I have a block matrix
$$Q_{(n+m-1)\times(n+m-1)} = \begin{pmatrix} A & -J\\-J^t & B \end{pmatrix}$$
where
$$A_{(m-1)\times(m-1)} = n*I_{(m-1)\times(m-1)} \text{ and } B_{n\times n} = m*I_{n\times n}$$
where $I$ is identity matrix. $J$ is then $(m-1)\times n$ matrix with all entries $1$.
For example, when $m = 4, n = 2$ we have
$$Q_{5\times 5} = \begin{pmatrix} 2 & 0 & 0 & -1 & -1\\ 0 & 2 & 0 & -1 & -1\\0&0&2&-1&-1\\-1&-1&-1&4&0\\-1&-1&-1&0&4\end{pmatrix}$$
Answer is $n^{m-1}\cdot m^{n-1}$ but I don't know how to show that. Please help. Thank you.
See in wikipedia the page of determinat in section 3.3 on the Block matrices.
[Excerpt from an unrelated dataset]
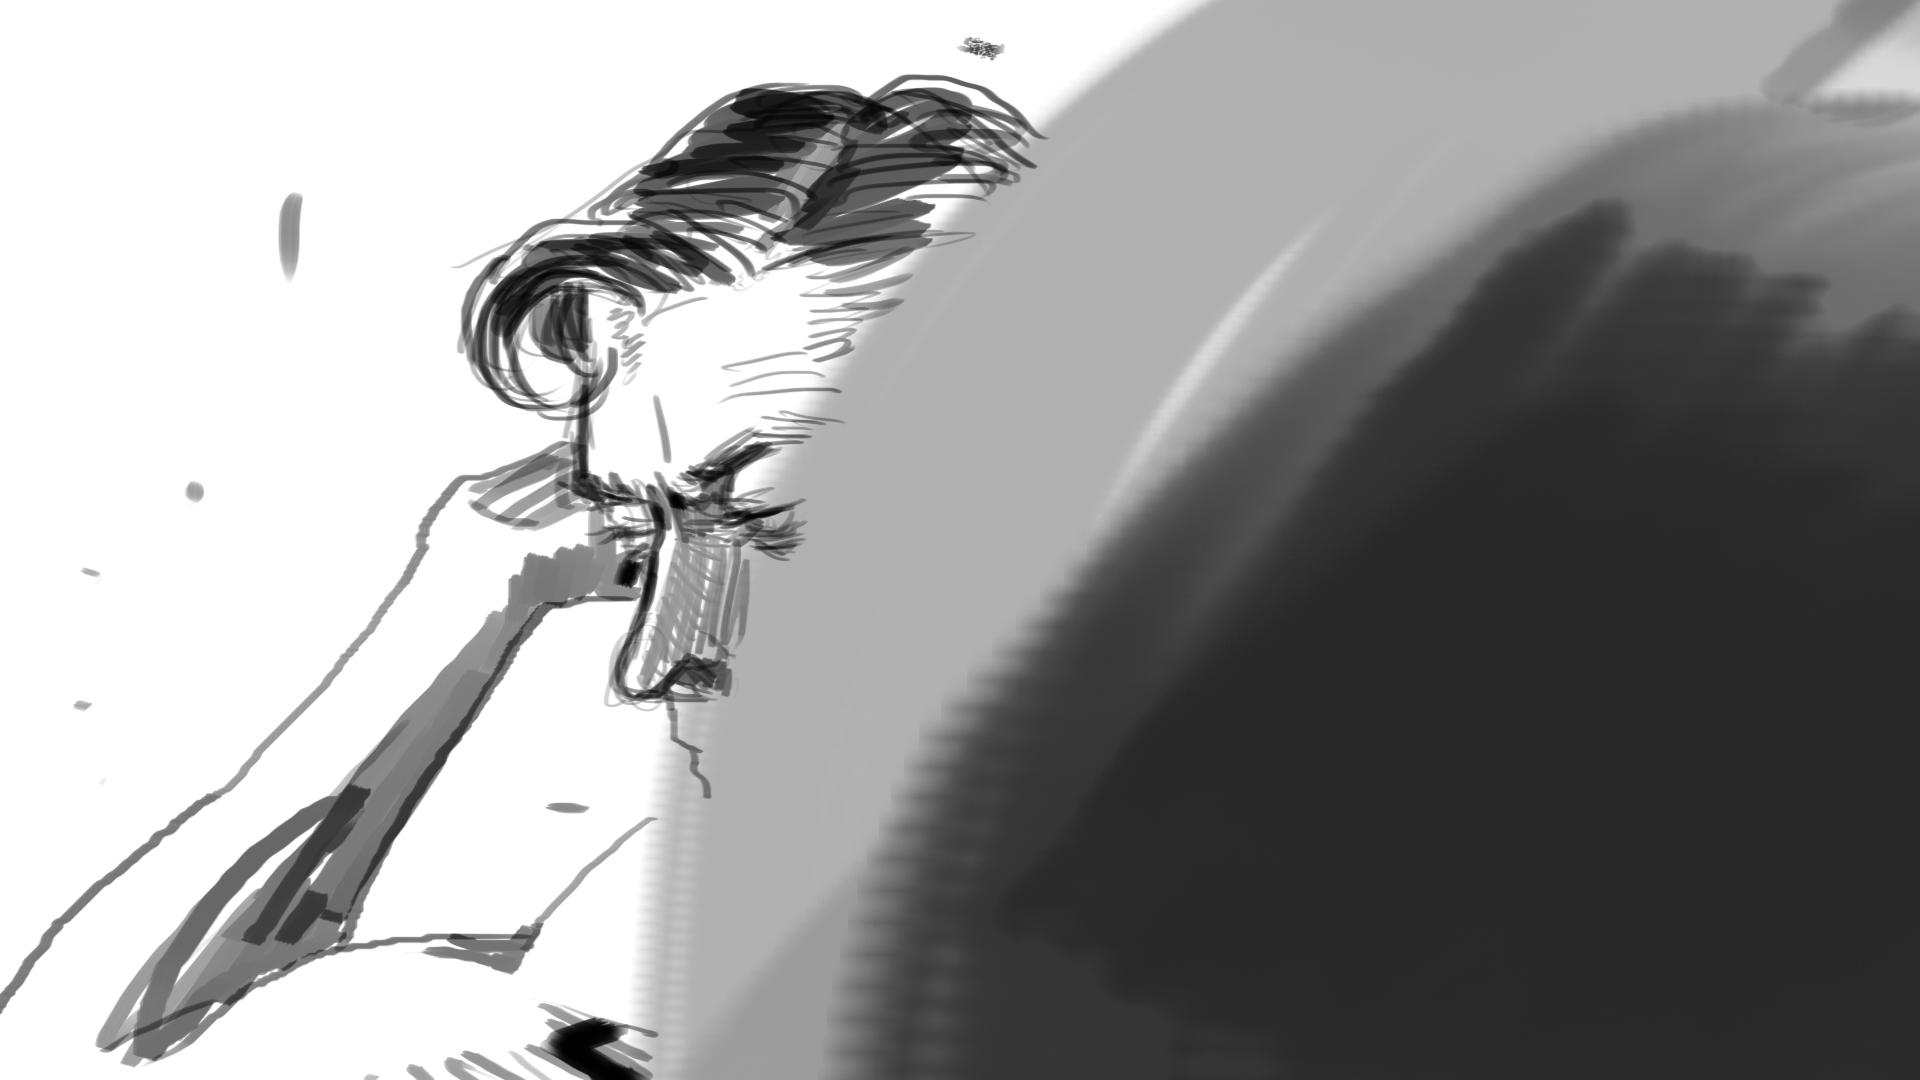 The Kid_Illustration16

When $A$ is Invertible matrix, we have $$ \det\begin{pmatrix}A& B\\ C& D\end{pmatrix} = \det(A) \det(D - C A^{-1} B). $$
When $D$ is invertible, a similar identity with $\det(D)$ factored out can be derived analogously,
$$ \det\begin{pmatrix}A& B\\ C& D\end{pmatrix} = \det(D) \det(A - B D^{-1} C). $$ In this case \begin{align} \det\begin{pmatrix}A & -J \\ -J^T & B \end{pmatrix}= & \det A \cdot \det\big( B-JA^{-1}J^T \big) \\ = & n^{m-1}\det \left[ \begin{array}{c} m & m-1 & \ldots & m-1 & m-1\\ m-1 & m & \ldots & m-1 & m-1\\ \vdots & \vdots & \ddots &\vdots & \vdots\\ m-1 & m-1 & \ldots & m & m-1\\ m-1 & m-1 & \ldots & m-1 & m\\ \end{array} \right]_{n\times n} \end{align} Now, note that $$ \left[ \begin{array}{c} m & \ldots & m-1 & \ldots & m-1\\ m-1 &\ldots & m-1 & \ldots & m-1\\ \vdots & & \vdots & & \vdots\\ m-1 & & m & & m-1\\ \vdots & & \vdots & & \vdots\\ m-1 &\ldots & m-1 & \ldots & m-1\\ m-1 &\ldots & m-1 & \ldots & m\\ \end{array} \right]_{n\times n} \left[ \begin{array}{c} 1\\ 1\\ \vdots\\ 0\\ \vdots\\ 1\\ 1\\ \end{array} \right] = (m-1) \left[ \begin{array}{c} 1\\ 1\\ \vdots\\ 0\\ \vdots\\ 1\\ 1\\ \end{array} \right] $$ implies $$ \det \left[ \begin{array}{c} m & \ldots & m-1 & \ldots & m-1\\ m-1 &\ldots & m-1 & \ldots & m-1\\ \vdots & & \vdots & & \vdots\\ m-1 & & m & & m-1\\ \vdots & & \vdots & & \vdots\\ m-1 &\ldots & m-1 & \ldots & m-1\\ m-1 &\ldots & m-1 & \ldots & m\\ \end{array} \right]_{n\times n} = (m-1)^n $$ and then $$ \det\begin{pmatrix}A & -J \\ -J^T & B \end{pmatrix}=n^{m-1}\cdot (m-1)^n $$